LP1

Location: Tragowel	Australian Soil Classification:
General Landscape Description: Closed depression of a swamp. Original vegetation includes Black Box and Red Gum as well as ‘Treeless Plain’ grassland. Also present are Barley Grass and Red Weed.

LP01 Landscape

Soil Profile Morphology

Surface Soil

A1	0-10 cm	Greyish brown (2.5Y5/2); medium heavy clay; self mulching and cracking surface condition; strong coarse blocky, breaking down to strong fine blocky structure; very hard consistence dry; contains a few (2%) hard carbonate nodules and many (20-50%) coarse fragments; pH 8.6; sharp and smooth change to:	LP01 Profle
Subsoil
B21	10-60 cm	Greyish brown (2.5Y5/2); heavy clay; strong coarse blocky, breaking down to strong fine blocky structure; friable consistence moist; contains very few (<2%) hard carbonate nodules; pH 8.7; gradual and smooth change to:
B22	60-100 cm	Greyish brown (2.5Y5/2); medium heavy clay; strong coarse blocky, breaking down to strong fine blocky structure; weak consistence moist; contains very few (<2%) hard carbonate nodules (2-6 mm in size); pH 8.6; gradual and smooth change to:
B23	100+ cm	Light brownish grey (2.5Y6/2); medium clay; weak consistence moist; contains very few (<2%) hard carbonate nodules (6 mm in size); pH 8.5.

• High clay content throughout the profile.
• Self-mulching and cracking surface condition.
• Accumulation of carbonates throughout the profile.
• Vertic properties (i.e. cracking surface condition).

• The strongly alkaline profile suggests that some nutrients (e.g. iron, manganese, zinc, copper) may be poorly available to plants and that deficiencies are likely to occur. Deficiencies can be determined by plant tissue analysis.
• A very positive feature of this profile is that it has a very high inherent fertility throughout which is beneficial to plant growth.
• The profile is extremely saline throughout and is likely to restrict the growth of salt sensitive plant species (e.g. faba beans, linseed, chickpeas and lupins).
• The high level of exchangeable sodium and magnesium throughout may also result in nutrient imbalances and may even have a toxic effect on some plants.

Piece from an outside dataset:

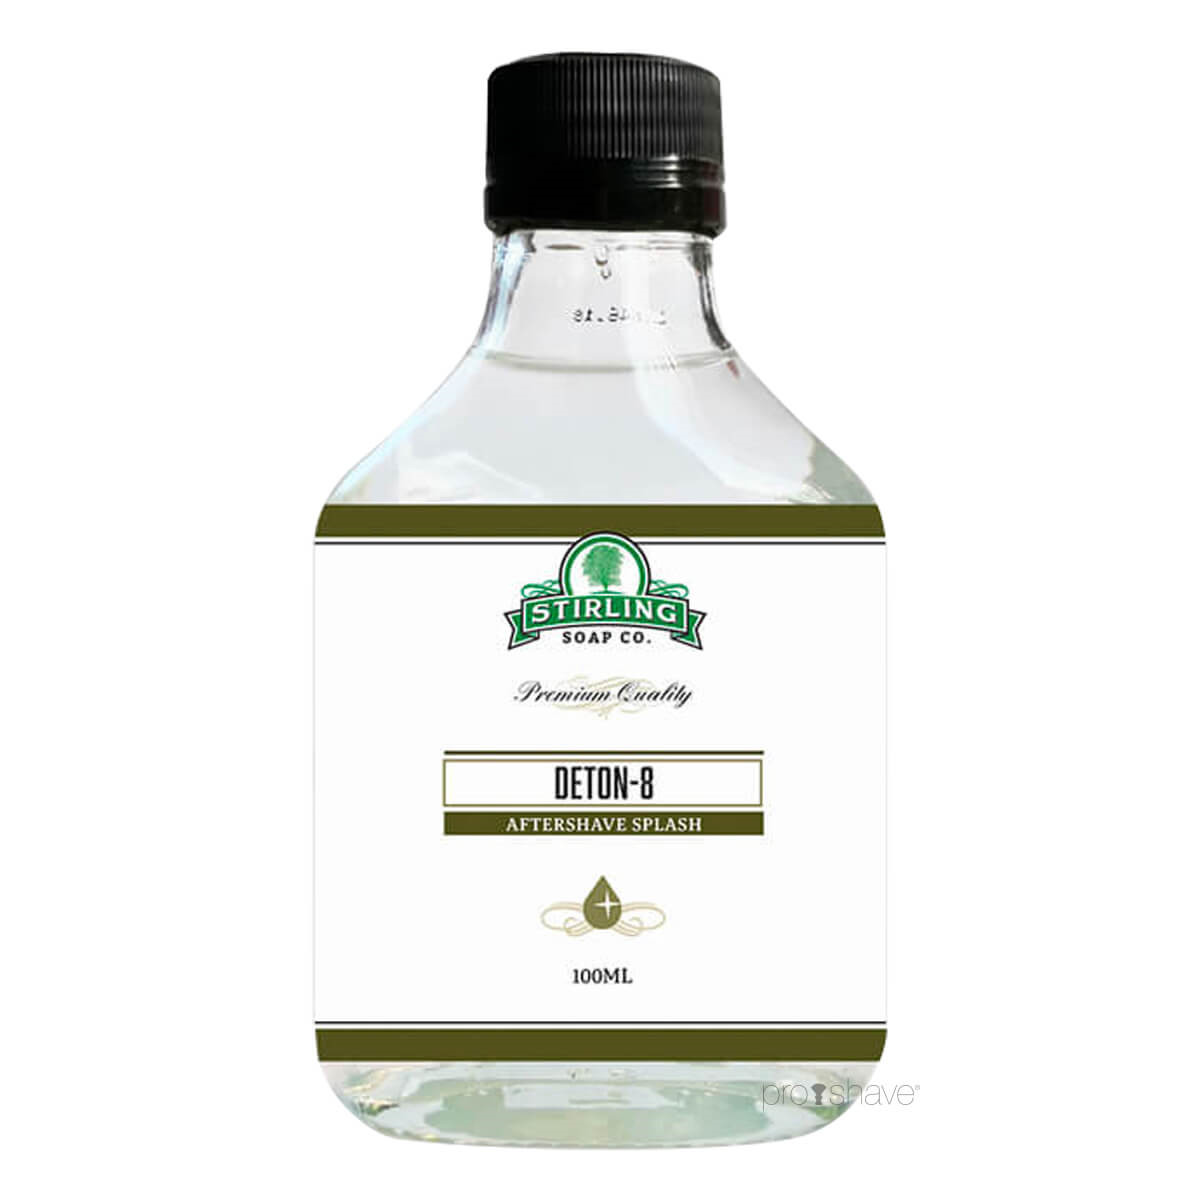 Stirling Soap Co. Aftershave Splash, Deton-8, 100 ml.

• The surface soil is self-mulching which provides a good seed bed that is friable and easily worked.
• When the soil is dry, heavy rains will move down soil cracks. This rapid recharge can be valuable for the survival of plants near wilting. When wet, the soil will swell and further infiltration will be relatively slow.
• Tillage of cracking clay soils should be avoided if the soil is wet (i.e. wetter than the plastic limit). At such a moisture condition, excessive tillage, trafficking or overstocking can result in structural degradation (e.g. compaction, smearing) occurring. Ideally, tillage should take place on clay soils such as these when the soil is drier than the plastic limit, down to at least the tillage depth.
• The densely and coarsely structured surface (A1) is strongly sodic and has a low exchangeable calcium to magnesium ratio (0.6) with slight dispersion. This indicates that tillage or over-stocking of the soil whilst in a moist to wet condition may result in structural degradation (e.g. surface sealing, increased cloddiness) occurring. Raindrop action on bare soil may have a similar effect, so it is important to maintain surface cover. Gypsum application may assist in improving surface soil structural conditions on such soils.
• The high wilting point value (23%) indicates that plants will be unable to utilise light rains when the soil is relatively dry.
• The levels of organic carbon measured at the pit site is low (this may or may not be representative of the whole paddock).
• The levels of total nitrogen measured at this pit site is moderate. However, this is best assessed by taking a bulked sample from across the paddock.

• The densely and coarsely structured upper subsoil (B21) is strongly sodic with a low exchangeable calcium to magnesium ratio (0.5). The extremely high salinity level has probably contributed to the decrease in dispersion to nil and is not likely to restrict water movement as significantly as would occur if the soil was not saline. Nevertheless, subsoil permeability will be low due to the low porosity of the clayey horizons.
• The subsoil displays vertic properties which indicates that significant shrinking and swelling occurs with wetting and drying cycles. This may disturb the roots of some plant species and has engineering implications (eg. disturbance to building foundations and fence lines).
  

• Within the region this soil is considered to be excellent. This is due to the soils self-mulching surface condition, excellent structure, good calcium levels, high clay and minimum sodicity levels.
• These soils flood annually and tend to become quickly saline after the soil is irrigated. Gilgai makes agriculture move difficult than other soils but it is still considered a better soil than Boort Clay and Macorna Clay.
• The soil requires four to five inches of rainfall for water holding capacity for lucerne and three and a half inches for pasture.